** ASSIGNMENT **
Would you transcribe the listing that follows word for word, skipping pictures?

** GIVEN INFORMATION **
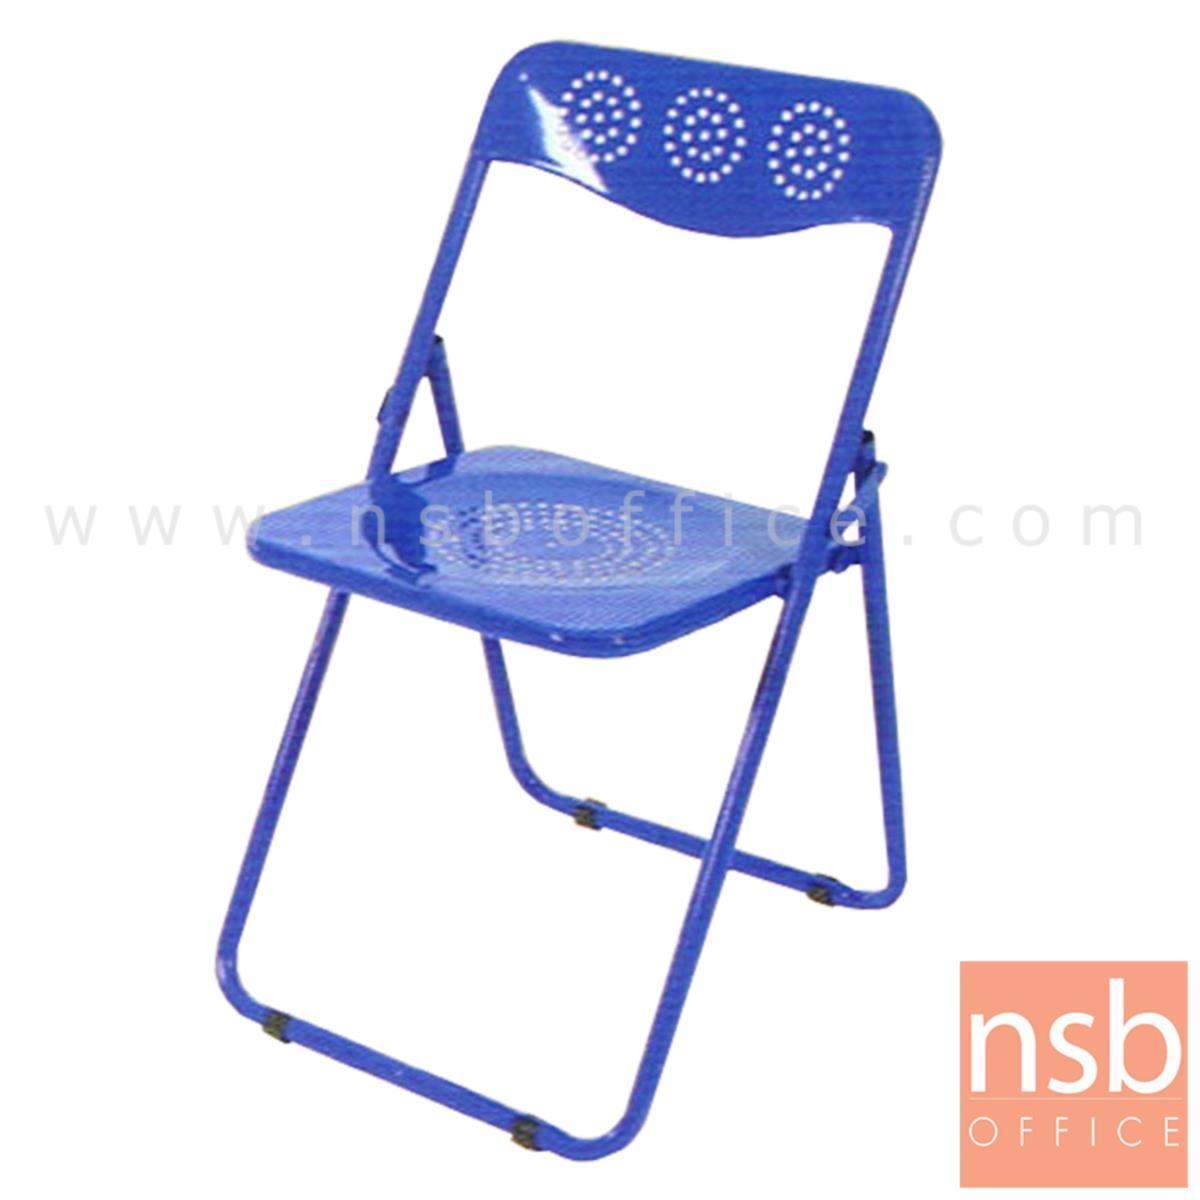 เก้าอี้พับที่นั่งเหล็ก รุ่น SPORT ขาเหล็ก (บรรจุกล่องละ 4 ตัว)
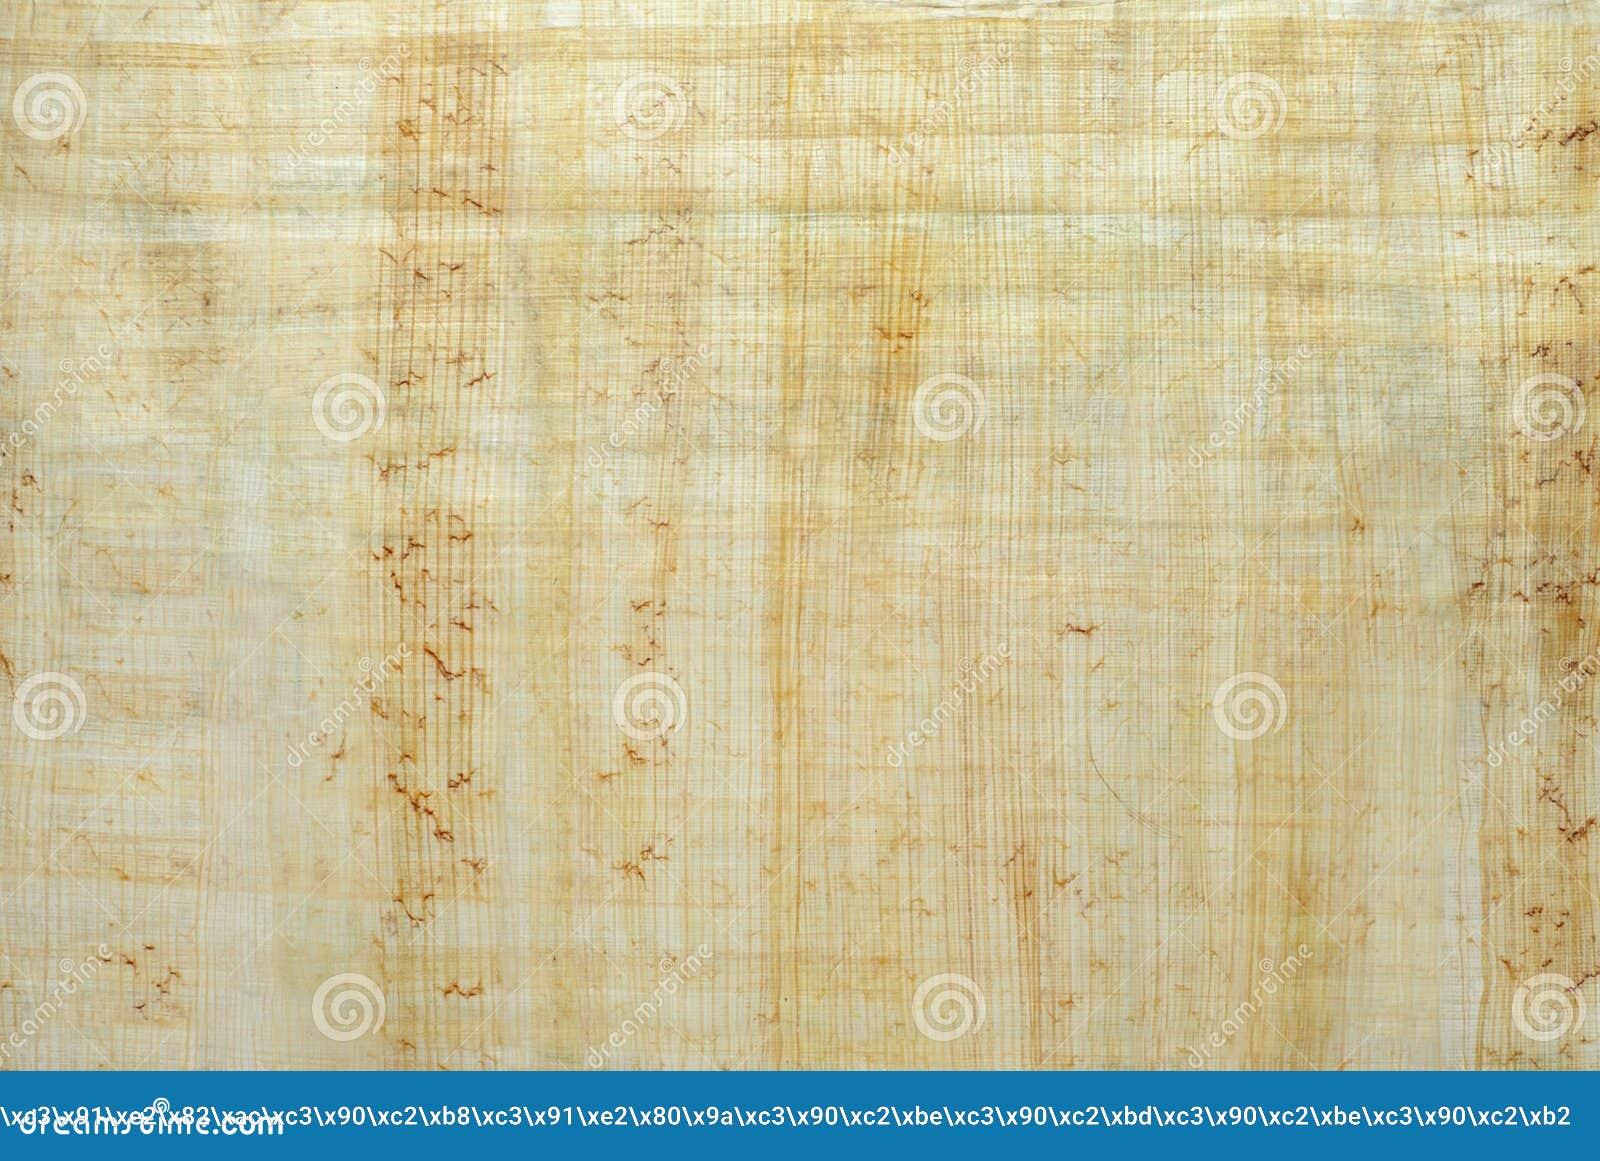 Bakgrund textur: yttersida av den naturliga egyptiska papyruset
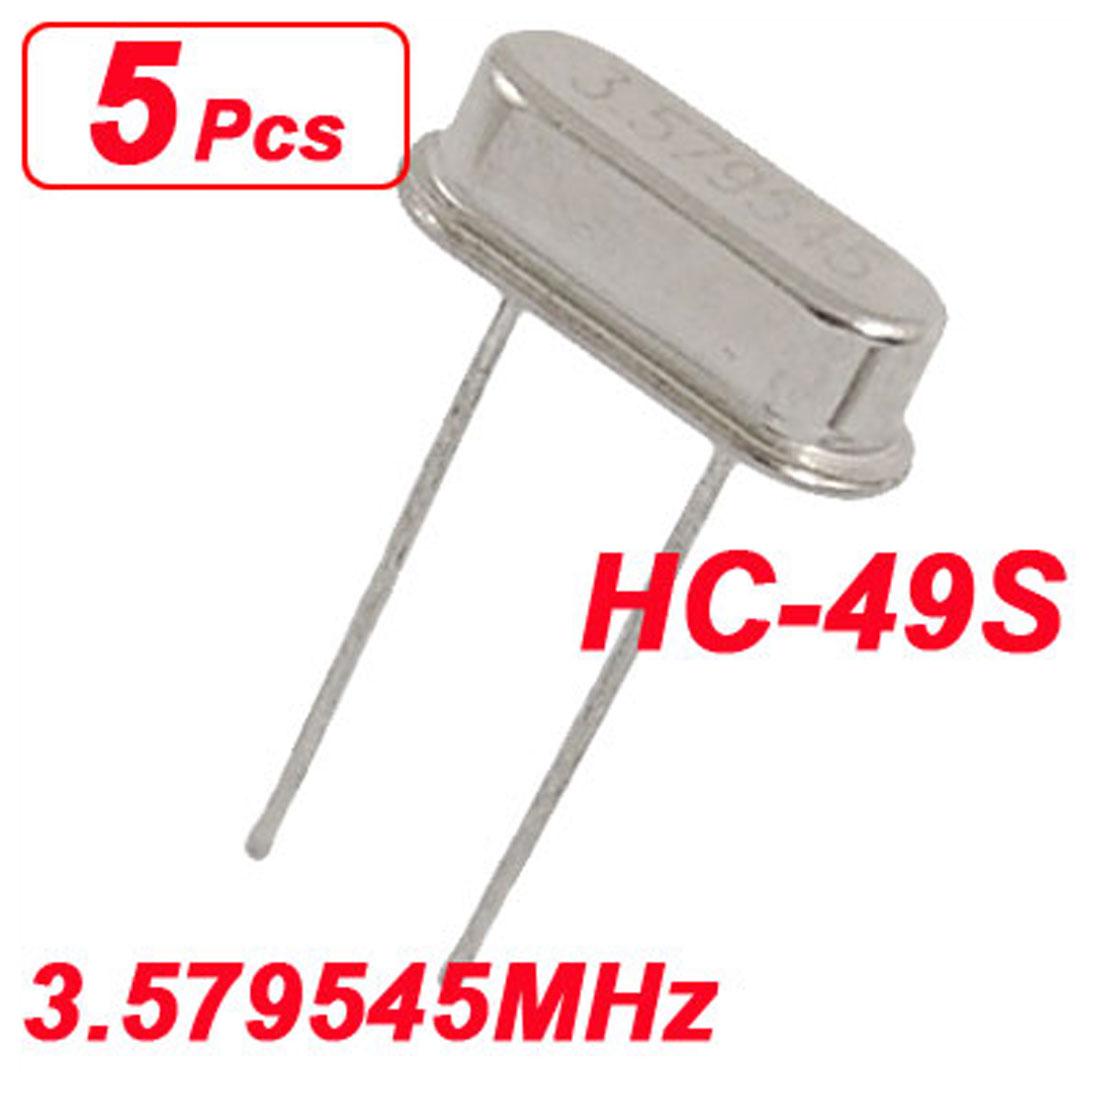 5 x 3.579545MHz 3.579545 MHz Crystal Oscillator HC-49S

** RESULT FOR THIS TASK **
 เก้าอี้พับที่นั่งเหล็ก รุ่น SPORT ขาเหล็ก (บรรจุกล่องละ 4 ตัว)
 Bakgrund textur: yttersida av den naturliga egyptiska papyruset
 5 x 3.579545MHz 3.579545 MHz Crystal Oscillator HC-49S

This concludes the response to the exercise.